= SynCo Bio Partners =

Pharmaceutical company in Amsterdam, the Netherlands

SynCo Bio Partners B.V. is a biopharmaceutical good manufacturing practices (GMP) contract manufacturing organization (CMO) located in Amsterdam, the Netherlands, licensed for clinical and commercial GMP manufacturing of bulk drug substances and drug products. SynCo offers a fully integrated range of biopharmaceutical development and manufacturing services supporting small biotech to large pharmaceutical organizations worldwide from the earliest stages in process development, through preclinical and clinical trials, approval and market supply.

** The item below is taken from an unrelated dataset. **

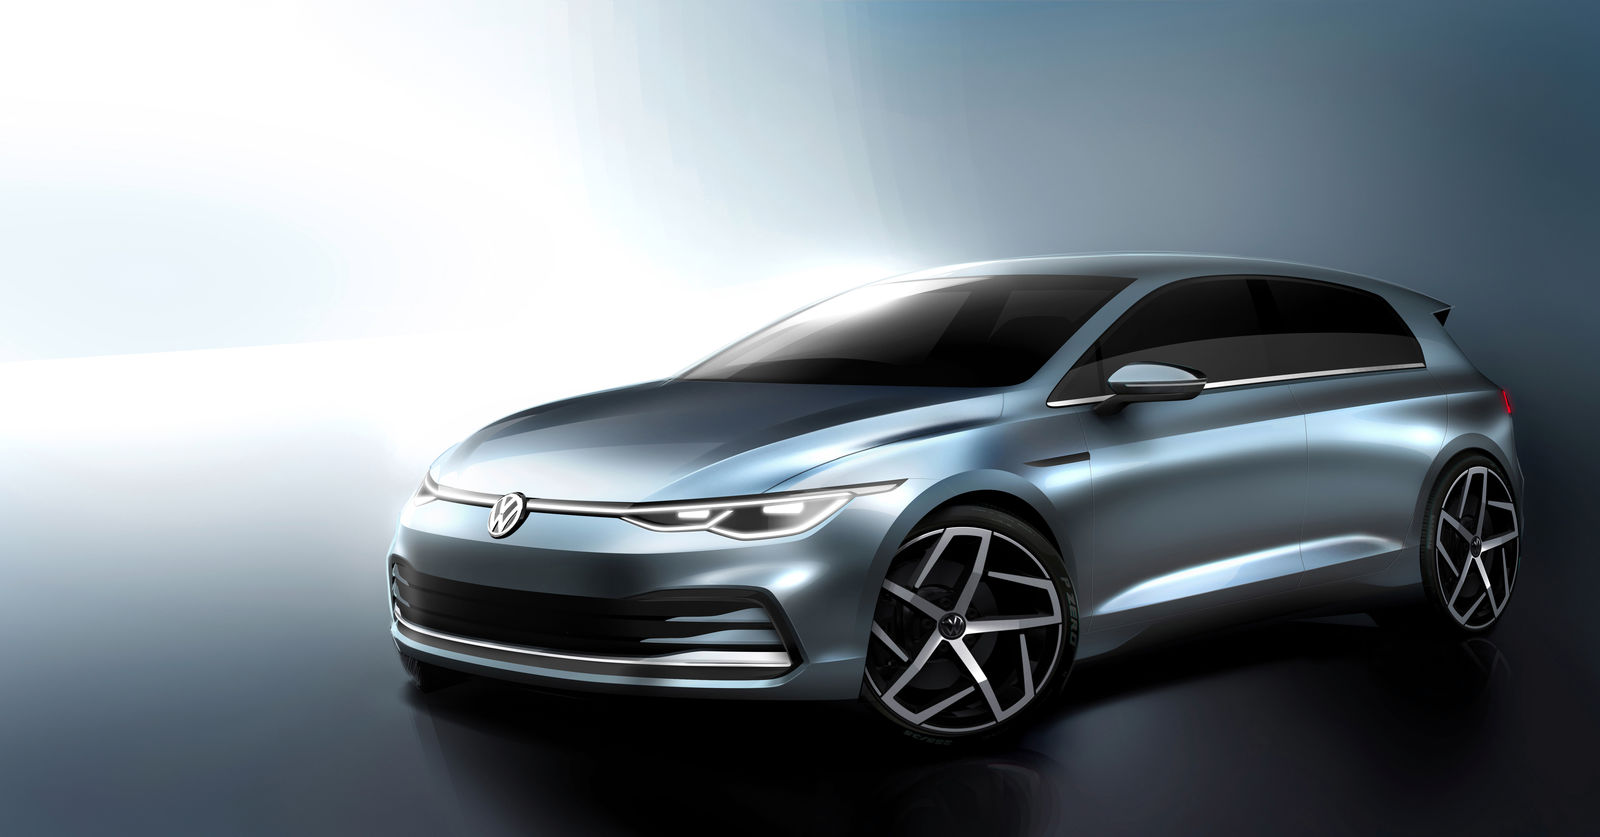 The all-new Golf (design sketch)
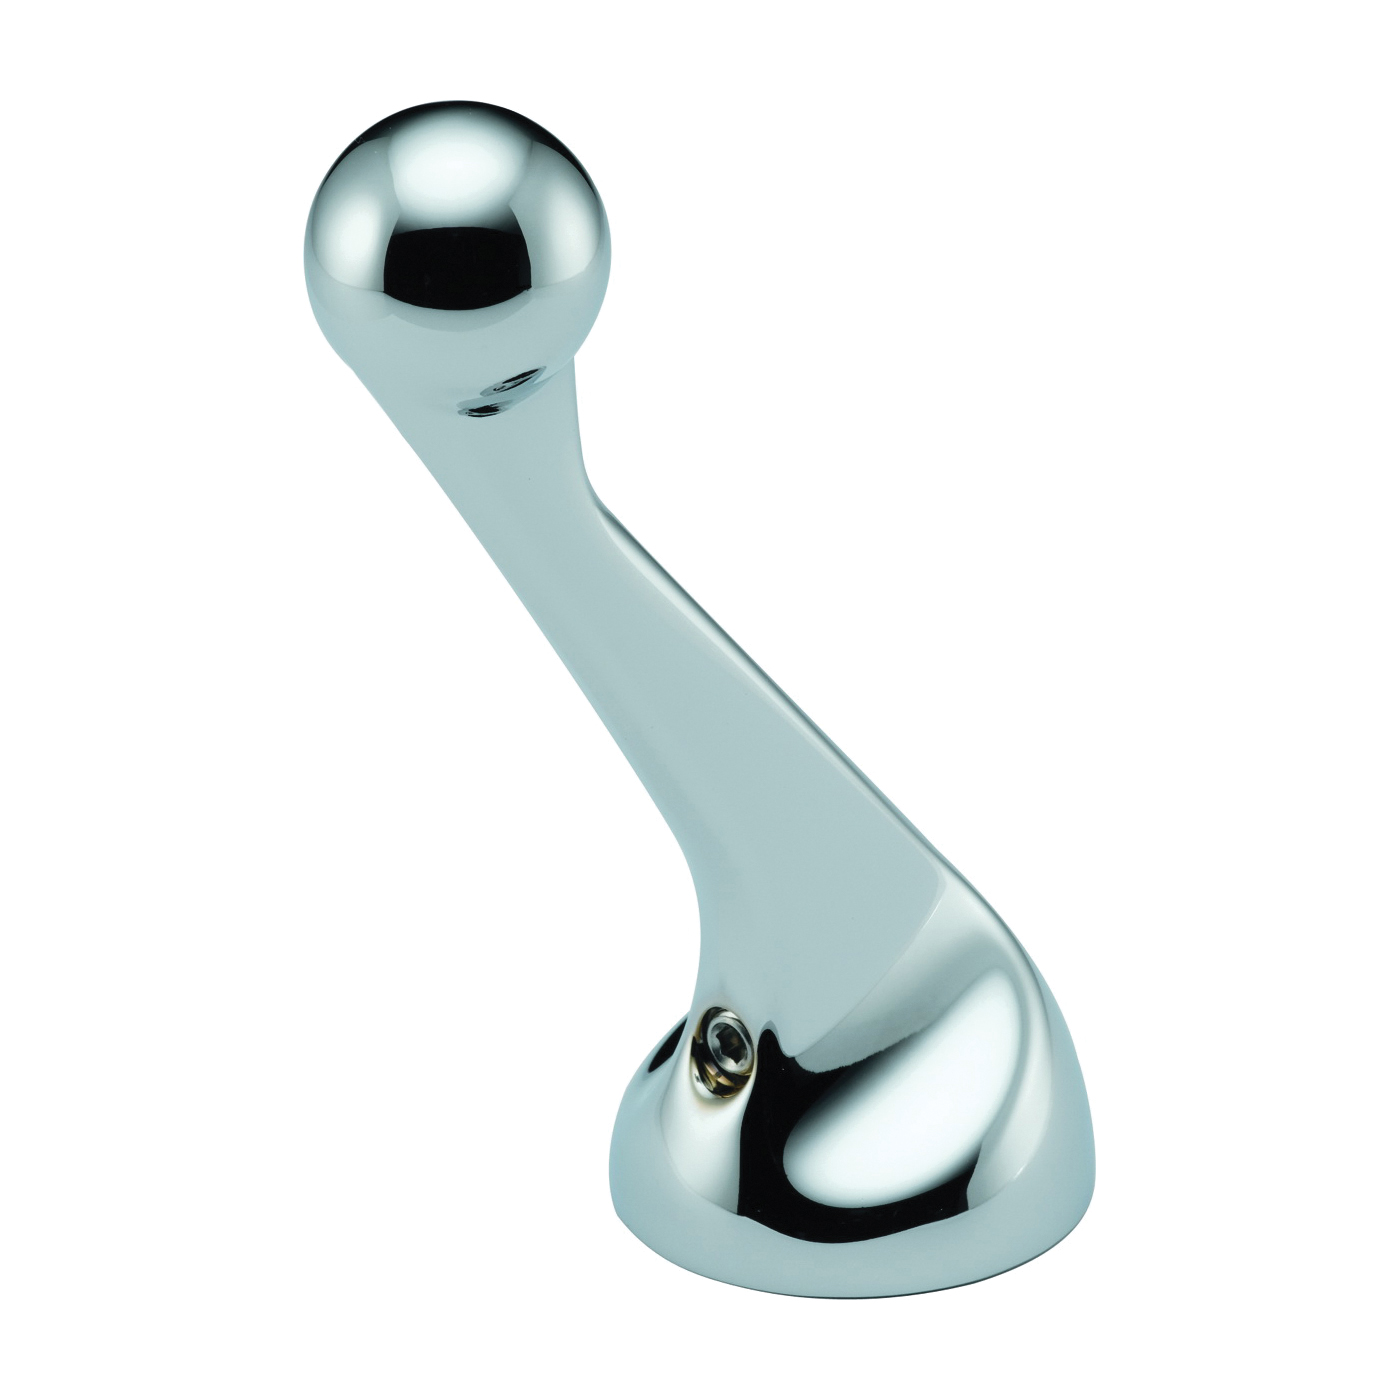 RP2393 Faucet Handle Kit, Metal, Chrome Plated, For: 100, 200, 300 and 400 Series Kitchen Faucets

SynCo’s multi-purpose GMP facilities offer manufacturing capabilities for microbial- and mammalian-based biopharmaceuticals for worldwide supply. It is one of approximately ten biopharmaceutical CMOs in the world with both clinical and commercial manufacturing experience.
SynCo is a fully owned subsidiary of Wacker Biotech GmbH (a subsidiary of Wacker Chemie AG).

==History==
- 1988 - Cetus Corporation, Emeryville, CA, US establishes its European headquarters, EuroCetus B.V. in Amsterdam, the Netherlands.
- 1990-1991 - EuroCetus facility licensed for production and release of ProLeukin (IL-2) for Europe and rest of world, except US and Japan.
- 1992 – Chiron Corporation acquires Cetus Corporation. Eurocetus B.V. becomes Chiron B.V.
- 1996 – Facility licensed for commercial production of Pertussis vaccine.
- 1997 – Facility licensed by WHO for commercial production of Meningitis A polysaccharides.
- 1997-1999 – Facility licensed by UK, MCA and Italian Health Branch for Meningitis C polysaccharide and CRM197 carrier protein for conjugated vaccine Menjugate.
- 2000 – Facility acquired by Dr William J. Rutter. SynCo Bio Partners B.V. established.
- 2001 – Facility licensed by European Medicines Agency and Health Canada for Meningitis C polysaccharides and CRM197 carrier protein for Menjugate production.
- 2004 – Installation of new air handling systems completed for all of its facilities.
- 2005 – Installation of new aseptic filling machine in its Class A zone, allowing larger batches sizes and expansion of filling ranges.
- 2005 – Expansion of GMP facilities to allow production of a wider range of protein, vaccine and live biotherapeutic products.
- 2006 – Facility licensed by Korean FDA for commercial production.
- 2008 – Expansion of process development capabilities to enable a greater range of projects to be completed.
- 2009 – Facility licensed by Anvisa for commercial production.
- 2011 – Expansion of the Class A zone of its aseptic filling facility successfully completed, allowing SynCo to support new product launches in the US and the rest of the world.
- 2016 – Facility licensed by FDA for commercial production of VaxChora.
- 2018 – SynCo Bio Partners B.V. acquired by Wacker Chemie AG and has become part of Wacker Biotech GmbH.